Responsabilisation dans l’orchestre du développement

Quand on compare le développement à un orchestre musical poursuivant un objectif collectif, chaque musicien joue de l’instrument qu’il ou elle maîtrise le mieux. Bien que tous les musiciens suivent la même feuille de chant,  ce n’est que lorsque chacun joue sa partition que l’orchestre peut jouer la chanson avec succès. Cette analogie permet de comprendre qu’il est essentiel de garder à l’esprit le rôle de chaque acteur et sa contribution au développement, ainsi que la nécessité que tous soient responsables les uns par rapport aux autres de leurs tâches et résultats.

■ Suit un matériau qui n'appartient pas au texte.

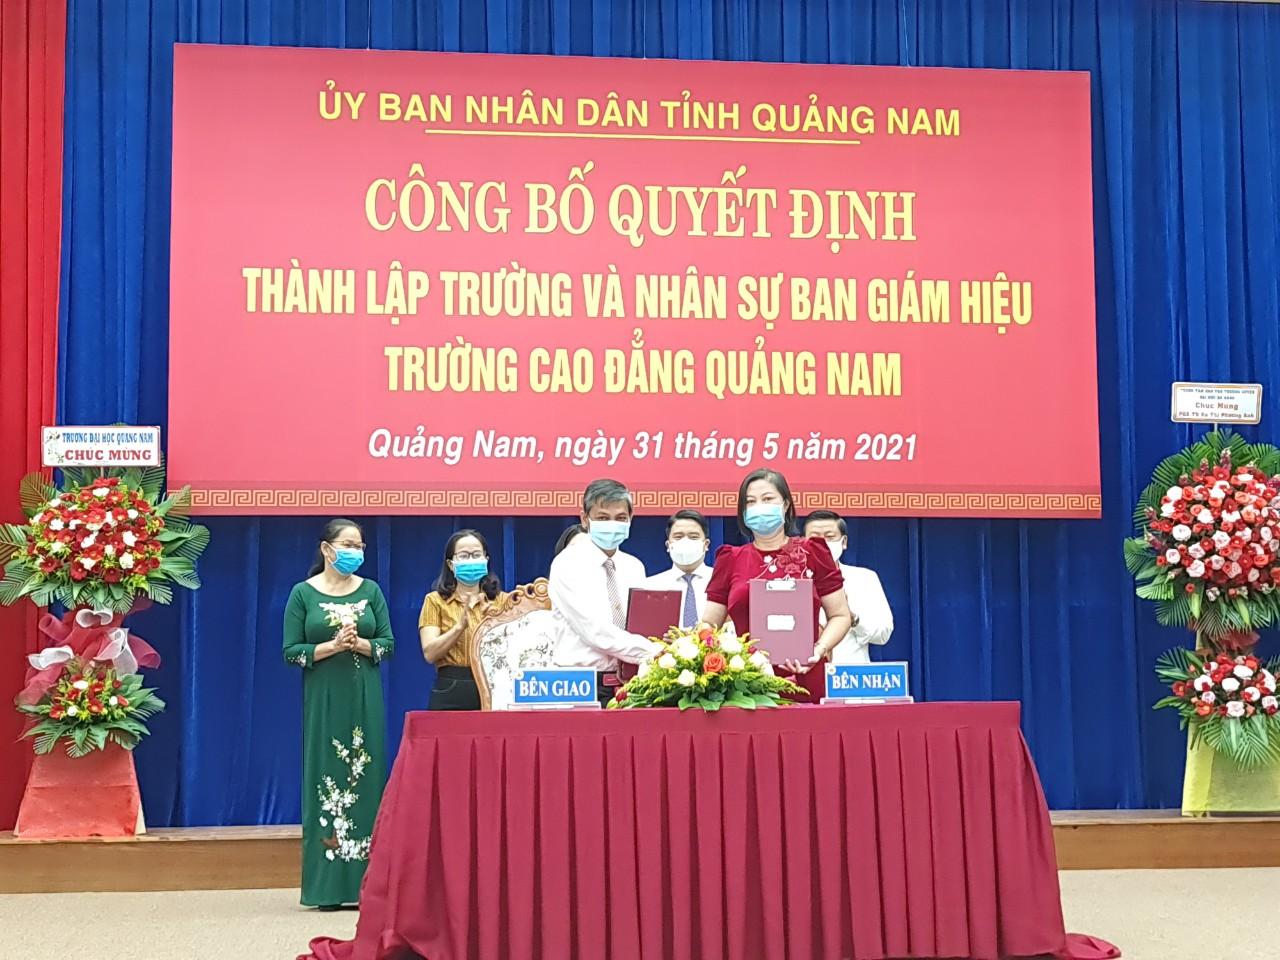 Chính thức thành lập Trường Cao đẳng Quảng Nam - Ảnh 6.

En collaboration avec le gouvernement de l’Allemagne, le DAES a organisé une manifestation parallèle de haut niveau le 25 Septembre pour lancer publiquement les préparatifs du Symposium de haut niveau en Allemagne. Sous le titre «Efficacité et responsabilité dans l’agenda de développement post-2015 – leçons de l’expérience des OMD », les représentants des gouvernements du Nord et du Sud, de la société civile, et les organisations internationales se sont réunis à New York.

La forte présence des intervenants au cours de la première semaine de l’Assemblée générale annuelle a non seulement permis de réaffirmer l’importance de ce sujet, mais a aussi fourni beaucoup de matière à réflexion pour l’élaboration du programme du Symposium ainsi que les études de base qui devront être préparées.

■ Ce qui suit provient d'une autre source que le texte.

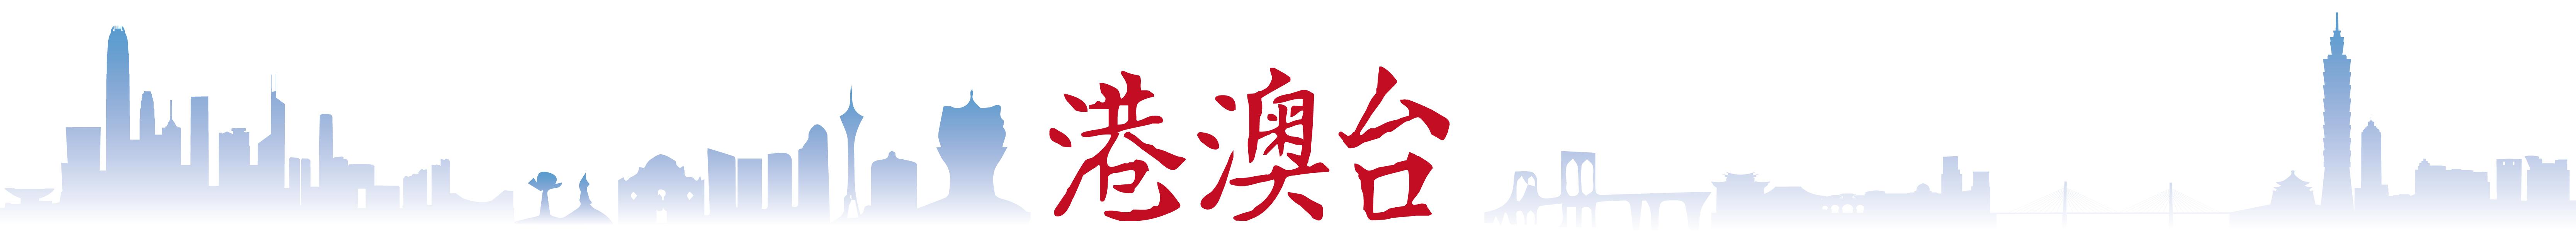 """国台办联络局局长刘军川任国台办副主任,国台办领导班子形成""""一正四副"""""""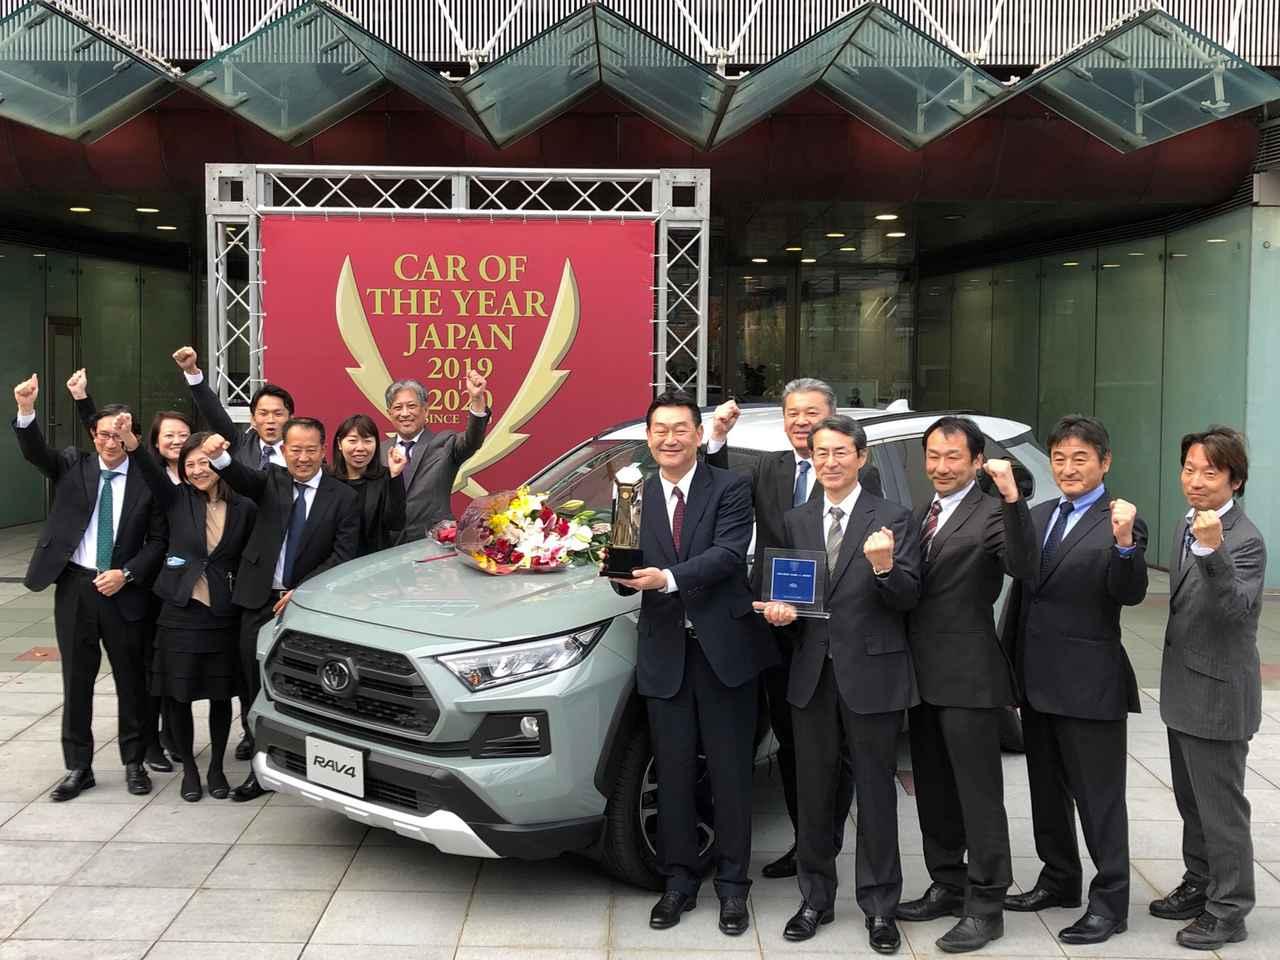 「2019-2020 日本カー・オブ・ザ・イヤー」をトヨタ RAV4が獲得。トヨタ車は10年振りで通算10回目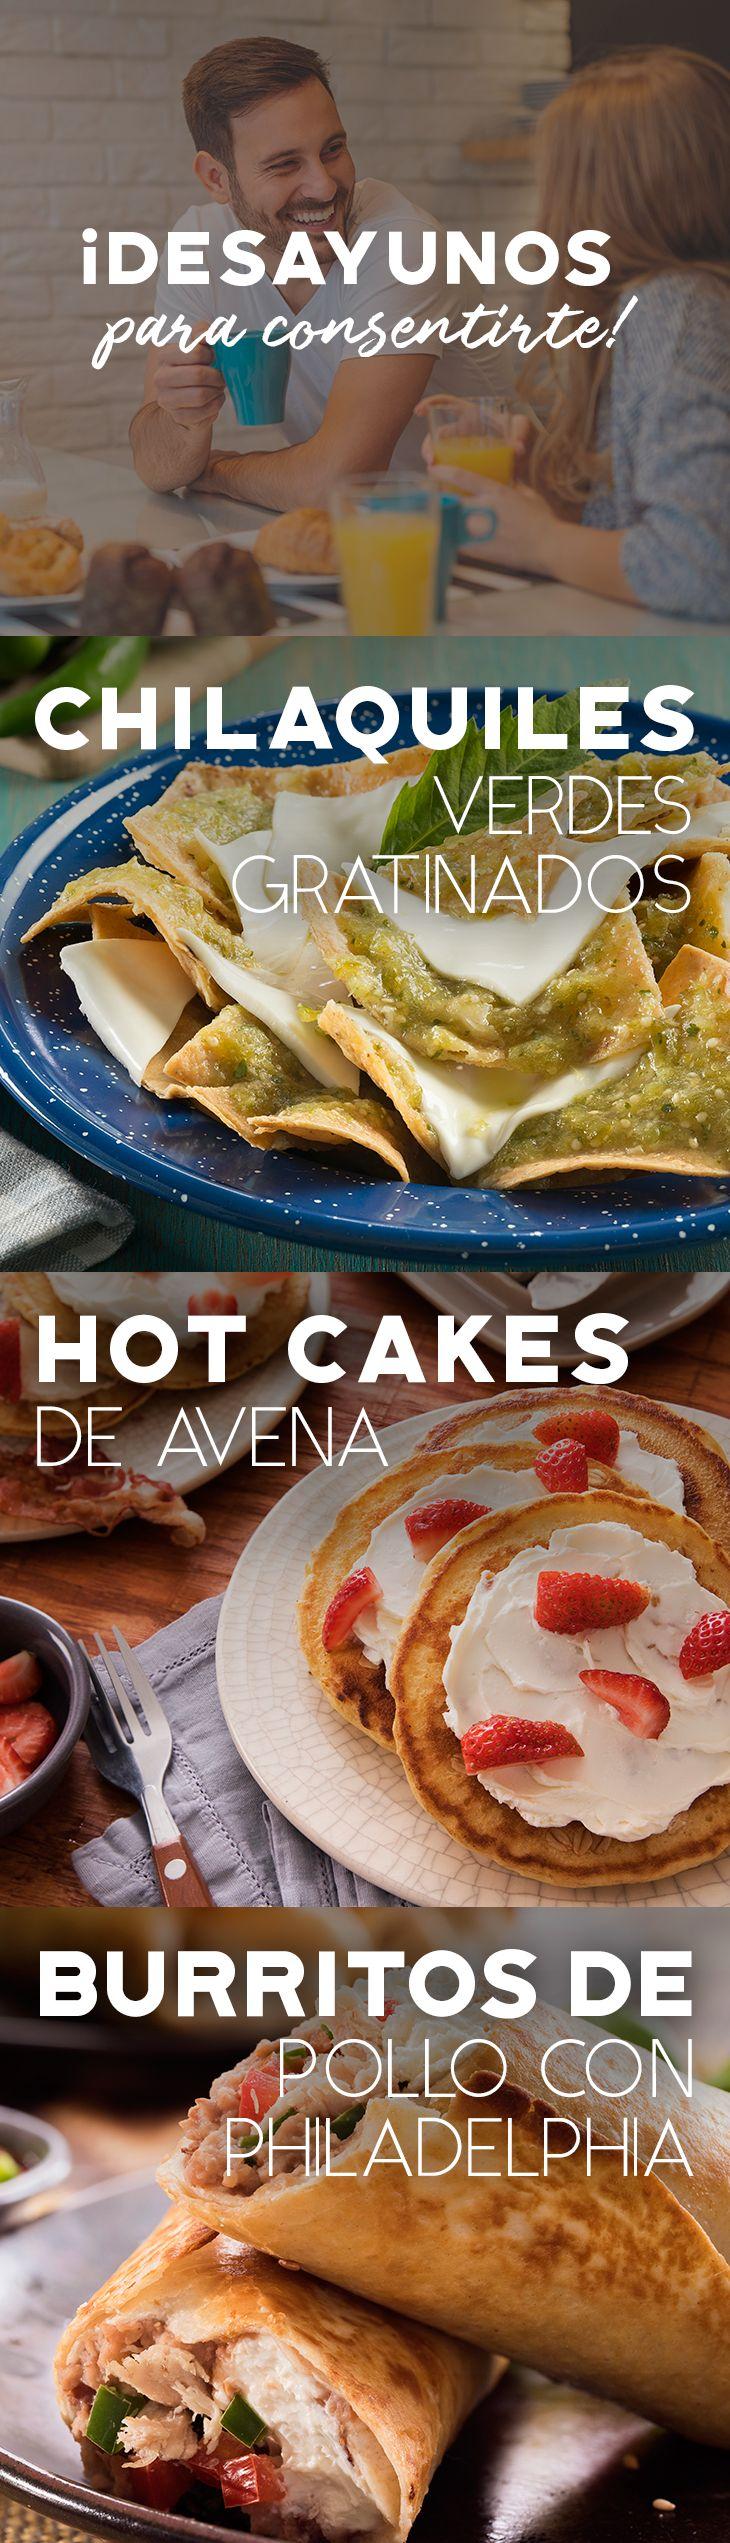 Disfruta de un delicioso desayuno con estas ideas para ti.   #recetas #receta #quesophiladelphia #philadelphia #crema #quesocrema #queso #comida #cocinar #cocinamexicana #recetasfáciles #recetasPhiladelphia #recetasdecocina #comer #desayuno #chilaquiles #hotcakes #burrito #pollo #salsa #picante #avena #desayunar #recetadesayuno #recetahotcakes #recetachilaquiles

Parmi les intervenants figuraient S.E. M. Bhoendradatt Tewarie, Ministre de la Planification et du Développement Durable de Trinité-et-Tobago, M. Juan Valle Pereña du Mexique, directeur exécutif de l’Agence mexicaine de la coopération, M. Anthony Smith, Sherpa du Royaume-Uni pour le Partenariat mondial pour une  coopération efficace au développement, et M. Dhananjayan Sriskandarajah, secrétaire général de CIVICUS. La discussion a été animée par M. Joahnnes F. Linn de l’Institut Brookings, avec des remarques récapitulatives de M. Navid Hanif, Directeur du Bureau de l’appui et de la coordination de l’ECOSOC au Département des affaires économiques et sociales des Nations Unies.

 

Un Agenda Unifié et Universel

Les délibérations en cours sur un programme de développement post-2015 montrent qu’un tel programme doit être unifié et universel. Il doit réunir les objectifs d’éradication de la pauvreté et de développement durable. Il doit s’appliquer à tous les pays, développés et en développement. Ces deux grands changements auront des conséquences importantes pour un troisième: comment réaliser la surveillance et la responsabilisation accrues qui seront nécessaires pour assurer la réussite du programme.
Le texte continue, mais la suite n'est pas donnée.